Perhaps, the most unfortunate victims of our current “border crisis” are the children held in detention centers along the border and elsewhere such as the private detention-facility in Homestead, Florida. The psychological effects of young children being separated from parents are devastating and have been well-described by mental health practitioners. Prolonged childhood trauma, for example, may adversely affect such children’s mental health well into adulthood and affect how children as adults may negatively view authority figures.

As a final note, an interim report conducted by academic border-experts and law professors, was recently released in April, 2019 from the “Department of Homeland Security (DHS) Advisory Council Panel on Families and Children Care Emergency”. It proposed that “an enforcement-based approach to the current situation at the border that focuses on detention, limitations on access to asylum, restrictions on due process and a presumption that arriving Central American families present a threat.

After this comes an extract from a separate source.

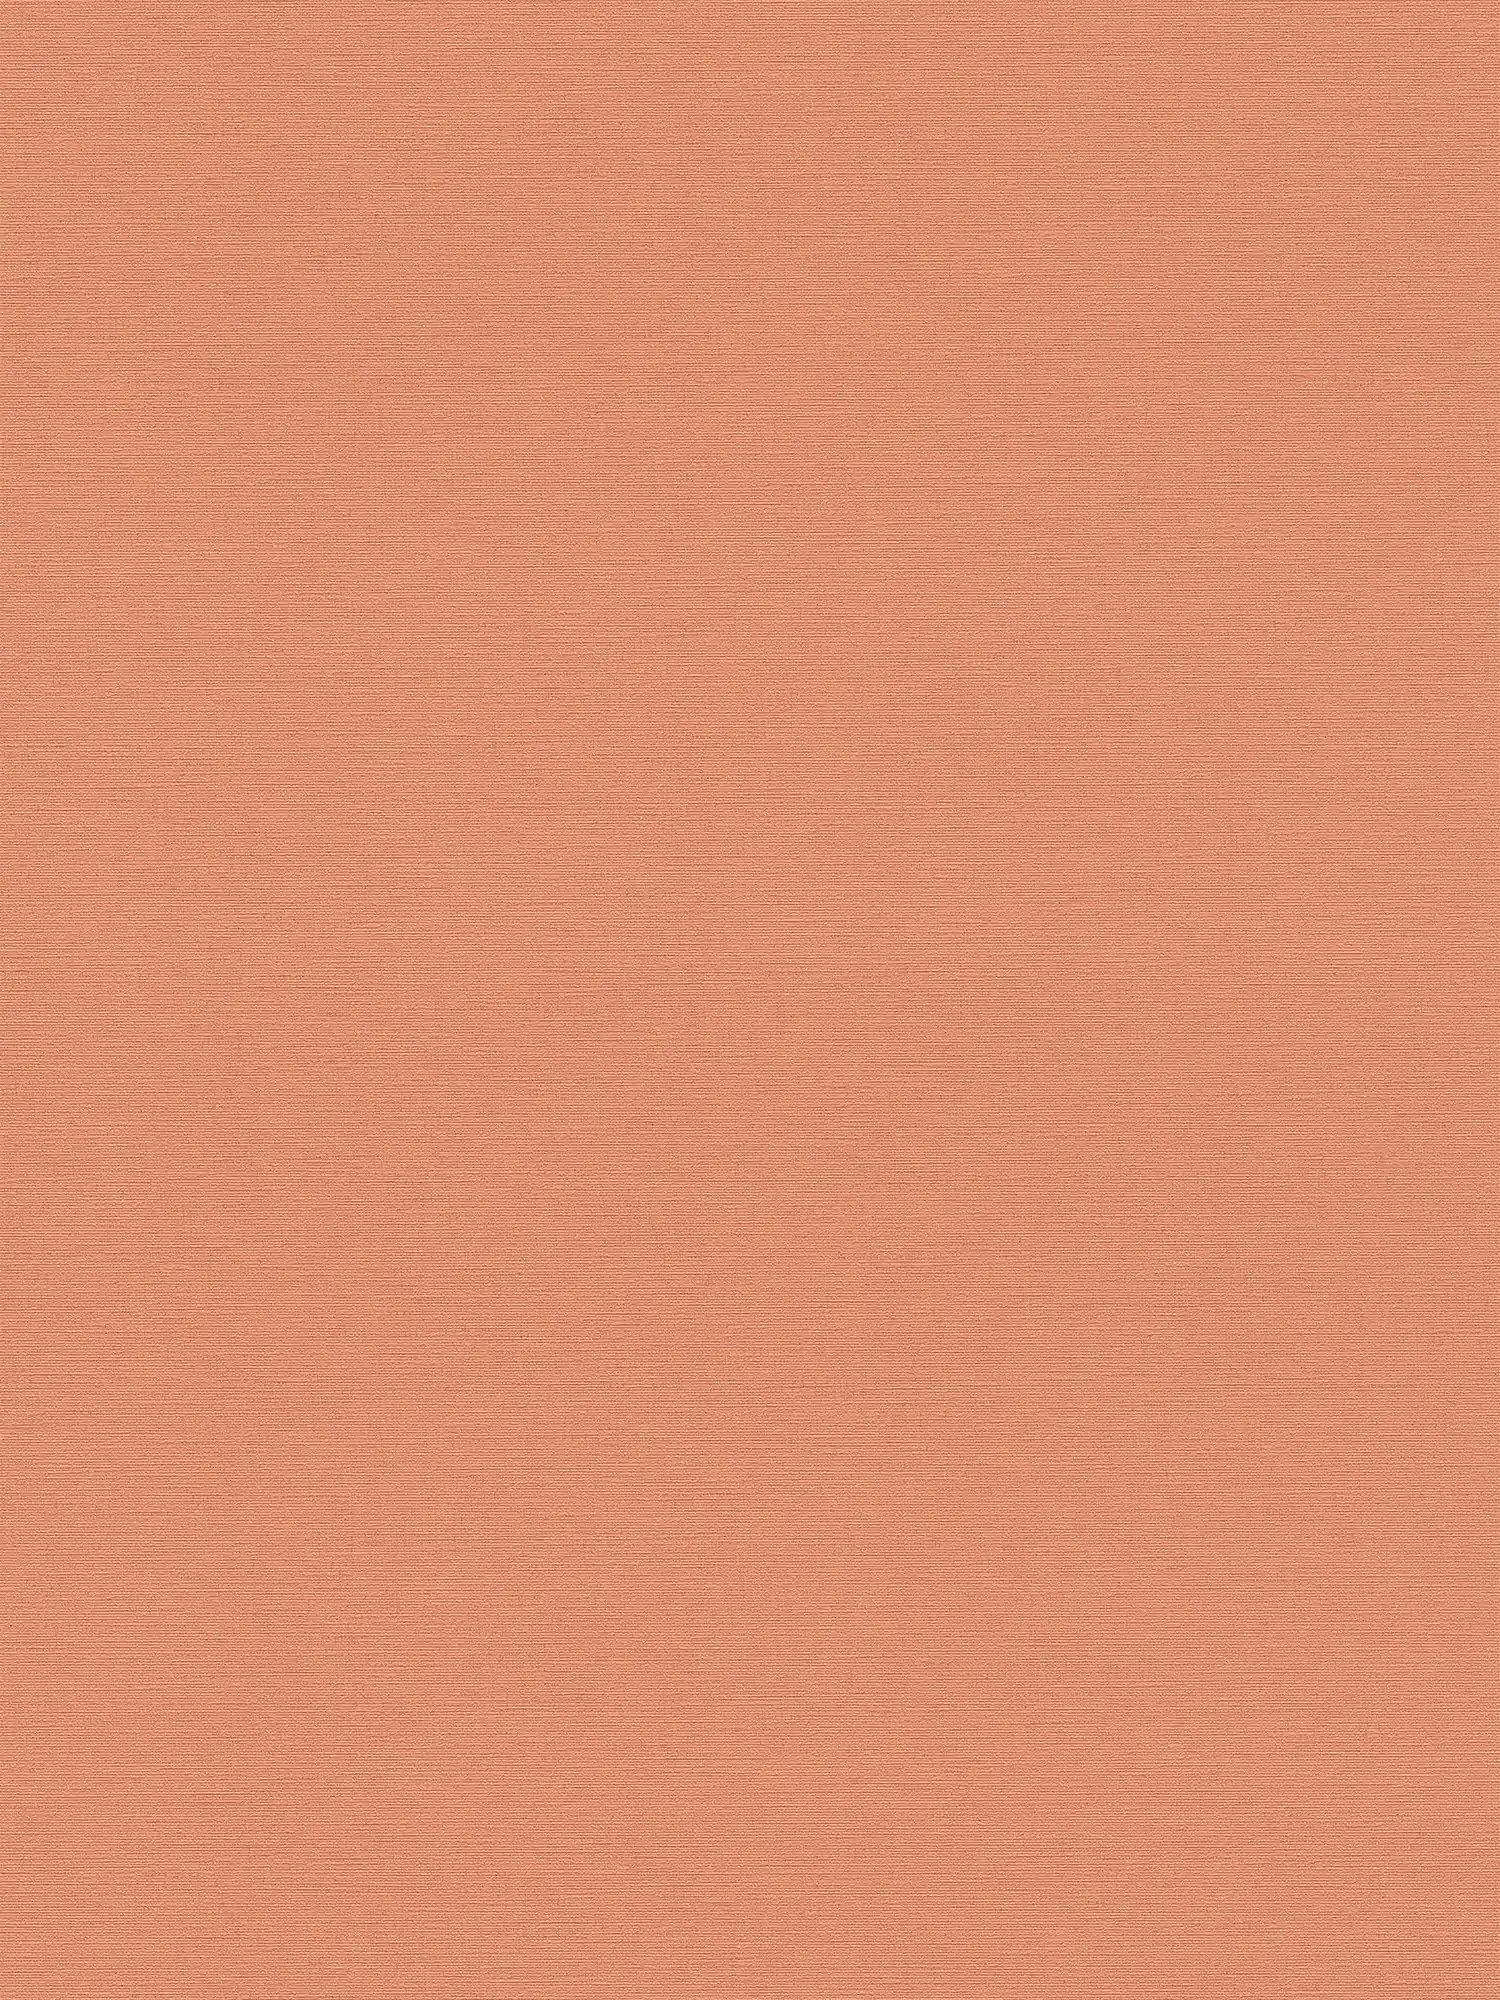 Linen look wallpaper in a subtle style - orange

Such an enforcement focus is unwarranted and is doomed to be ineffective.” [p. 2]

As a nation, the United States must not succumb to racism, nor to dog whistles eliciting racist imagery. Nor should we listen to racist bombast about new immigrants. As the great South African leader of the anti-Apartheid movement, Nelson Mandela, once wrote in his autobiography, Long Walk to Freedom( 1994): “No one is born hating another person because of the colour of his skin, or his background, or his religion. People must learn to hate, and if they can learn to hate, they can be taught to love, for love comes more naturally to the human heart than its opposite.